S130: rejecting is more than the corresponding first kind candidate frame of the training image size, and is more than that default repetitive rate is corresponding
The second class candidate frame;
Wherein, the step of rejecting first kind candidate frame corresponding more than the training image size, comprising:
It is carried out candidate frame of the registration calculated result between first threshold and second threshold as first kind candidate frame
Rejecting processing.
Wherein, the step of rejecting the second class candidate frame corresponding more than default repetitive rate, comprising:
According to location information, the confidence level of each candidate frame is determined;
Multiple confidence levels are ranked up, Confidence queue is obtained;
The numerical value highest that confidence level is extracted from candidate frame is corresponding referring to candidate frame;
Overlapping area calculating is carried out referring to candidate frame and the candidate frame by described;
Determine that being more than the default corresponding candidate frame of repetitive rate as the second class candidate frame carries out rejecting processing.
S140: according to the candidate frame collection after rejecting, training text identifies network.
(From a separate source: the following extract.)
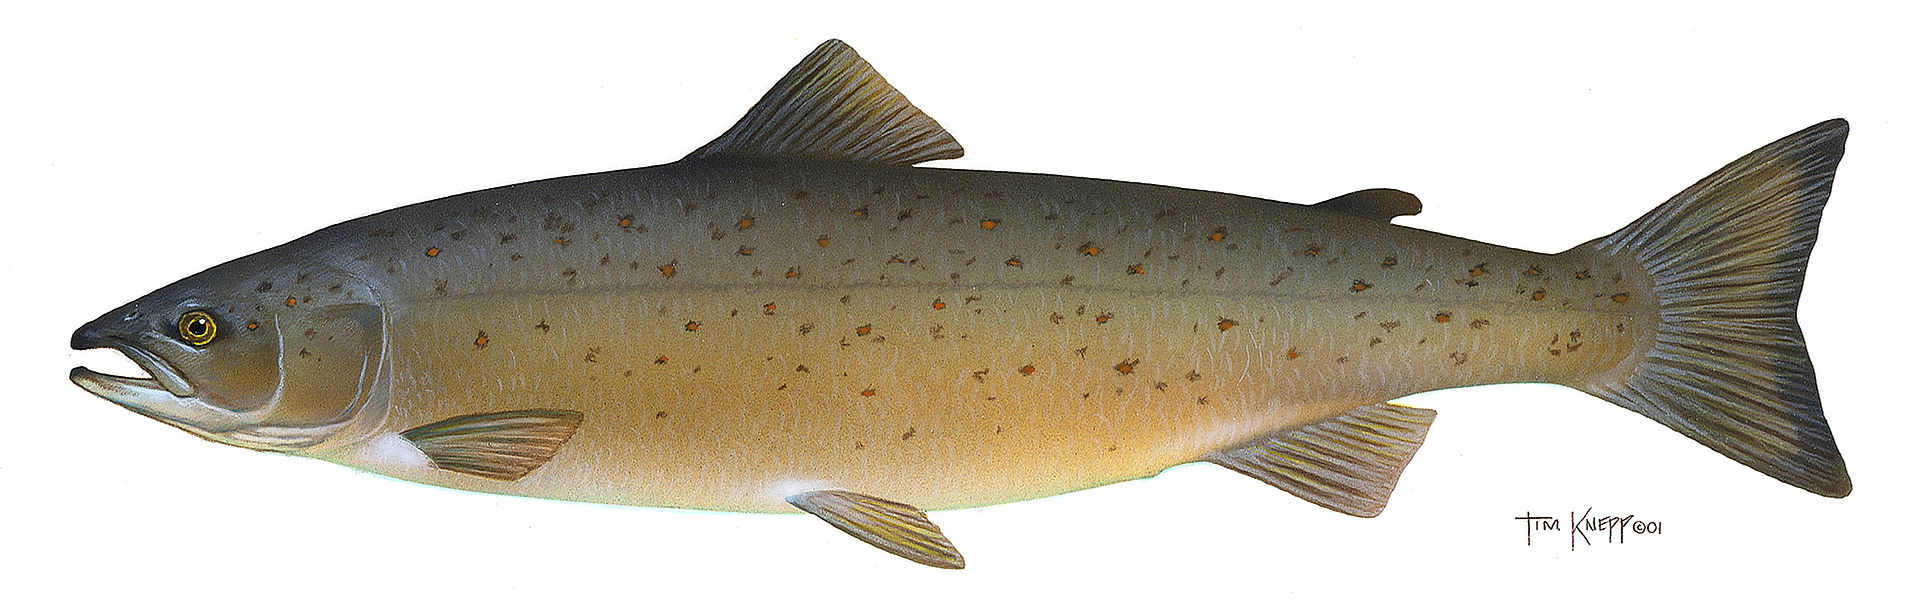 大西洋鲑 Salmo_salar_(crop),鲑鱼的常见种类之一.jpg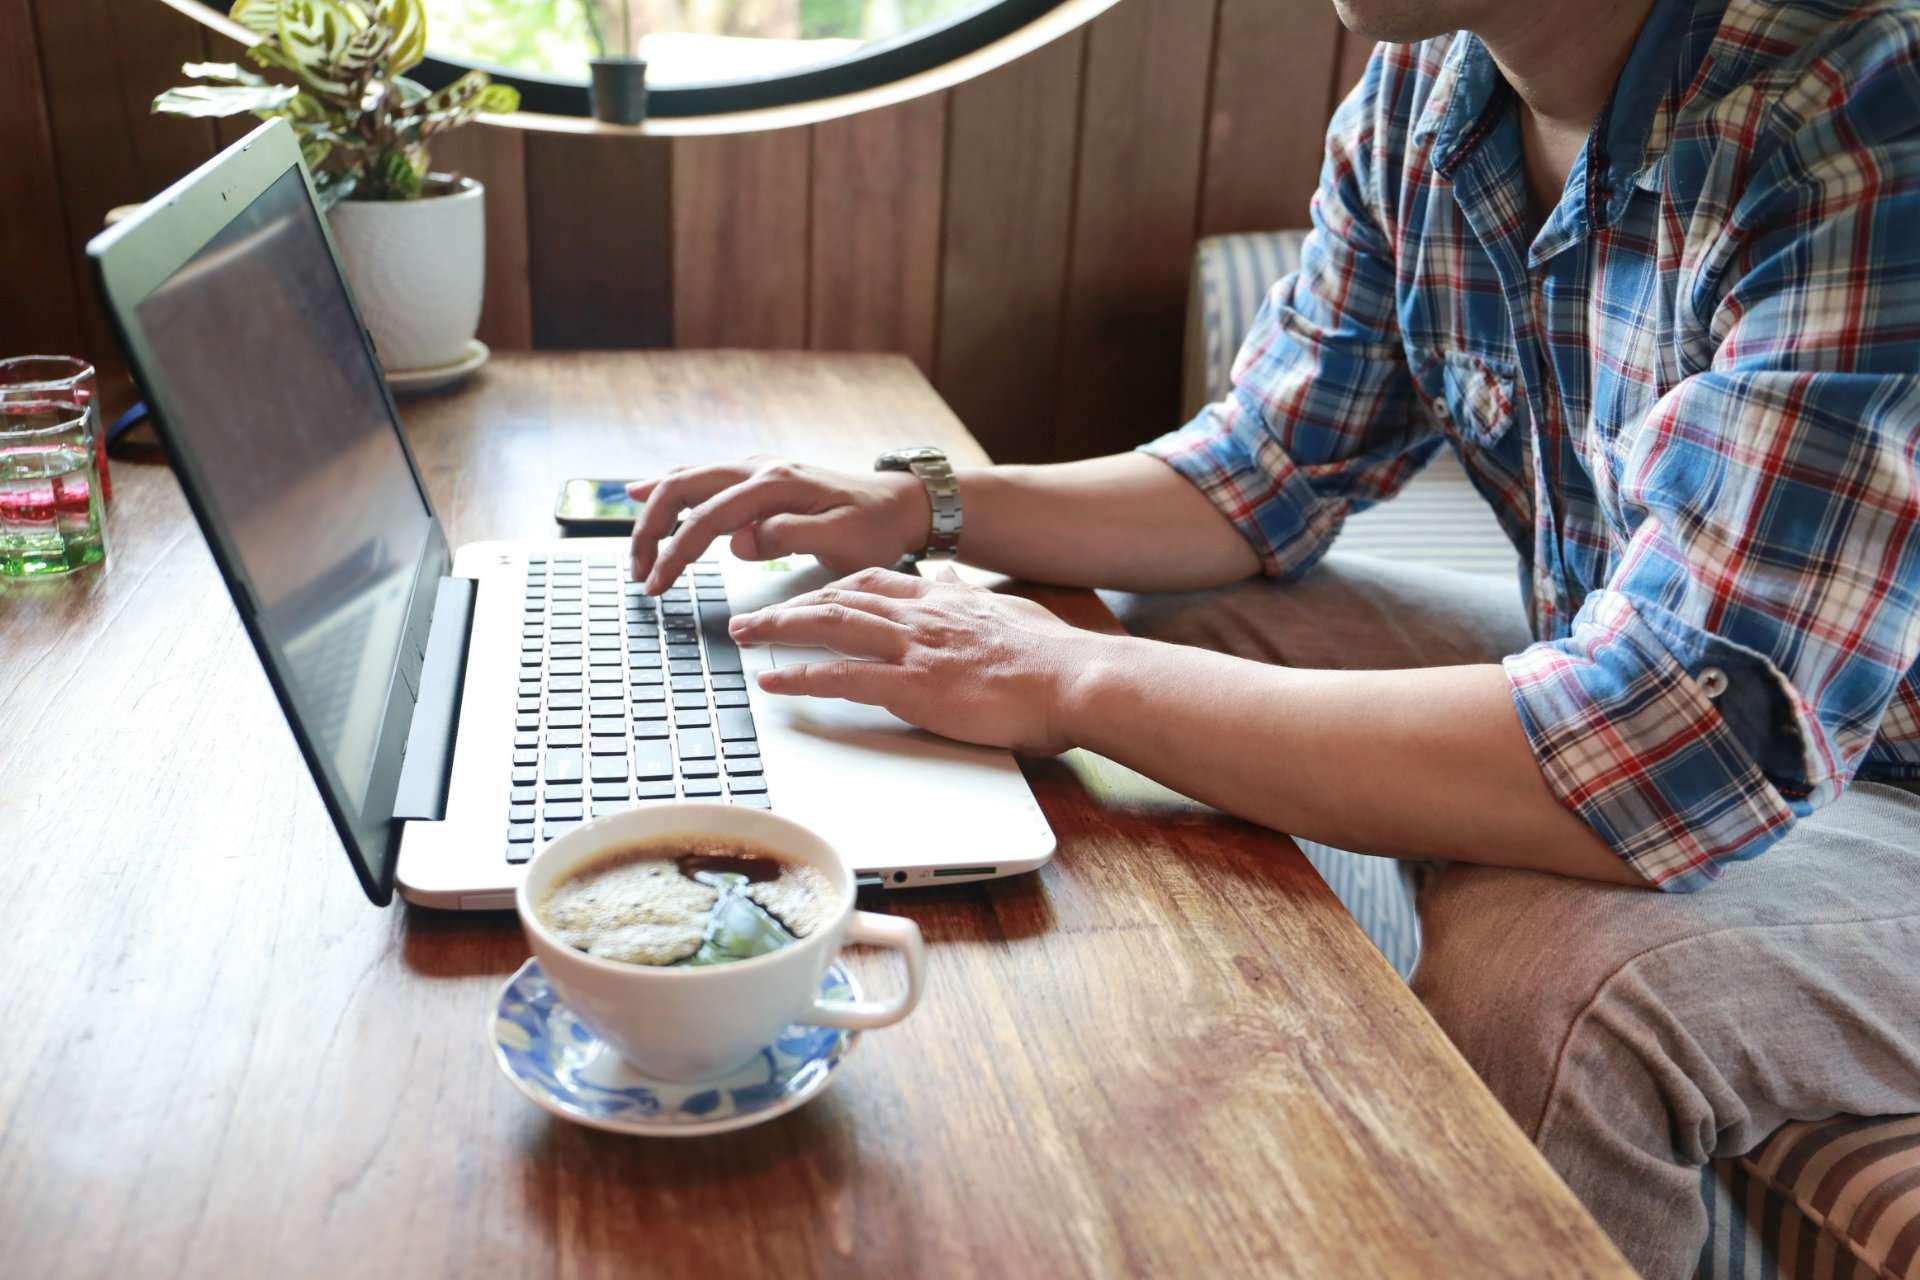 Weboldal készítés kellékei: macbook és kávé

The classification information and location information for reject the candidate frame collection of post-processing, calculated class are calculated first
Other information and location information training text identify network.It is to be understood that by the training corresponding with candidate frame of each candidate frame
The callout box of image carries out registration calculating, determines the classification information of multiple candidate frames, and extract multiple prospect frames;By prospect
Frame callout box corresponding with prospect frame carries out coordinate and returns calculating, obtains offset;According to offset, multiple initial candidates are calculated
The location information of frame.
Citing: registration calculating is carried out by the callout box of candidate frame training image corresponding with candidate frame, by candidate frame
It is greater than 0.7 with callout box registration, the initial candidate frame that candidate frame classification is set to 1 is extracted as prospect frame, and to belonging to
Prospect frame and callout box progress coordinate are returned and are calculated, and calculate offset, and initial candidate frame is obtained one newly by coordinate transform
Location information, compare calculating with the classification of original image and location information respectively, obtain loss function.Loss function is a kind of
The function for measuring loss and extent of error, in neural metwork training, backpropagation plays adjustment network parameter, optimizes network
The effect of model.Treated candidate frame and the numerical value that coordinate transform obtains are passed into next layer network.
Area-of-interest is mapped back into characteristic pattern first, is the part of same size by the region division after mapping, to every
Part carries out maximum pondization operation, obtains the stronger target area to be identified of specific aim, is exactly next to target class to be identified
It is not trained.Target area is operated by a series of residual blocks, obtains the characteristic information of target area, and believe this feature
The position of breath and classification carry out learning training, are continued to optimize by loss function backpropagation as a result, obtaining more accurate position
Information and classification information.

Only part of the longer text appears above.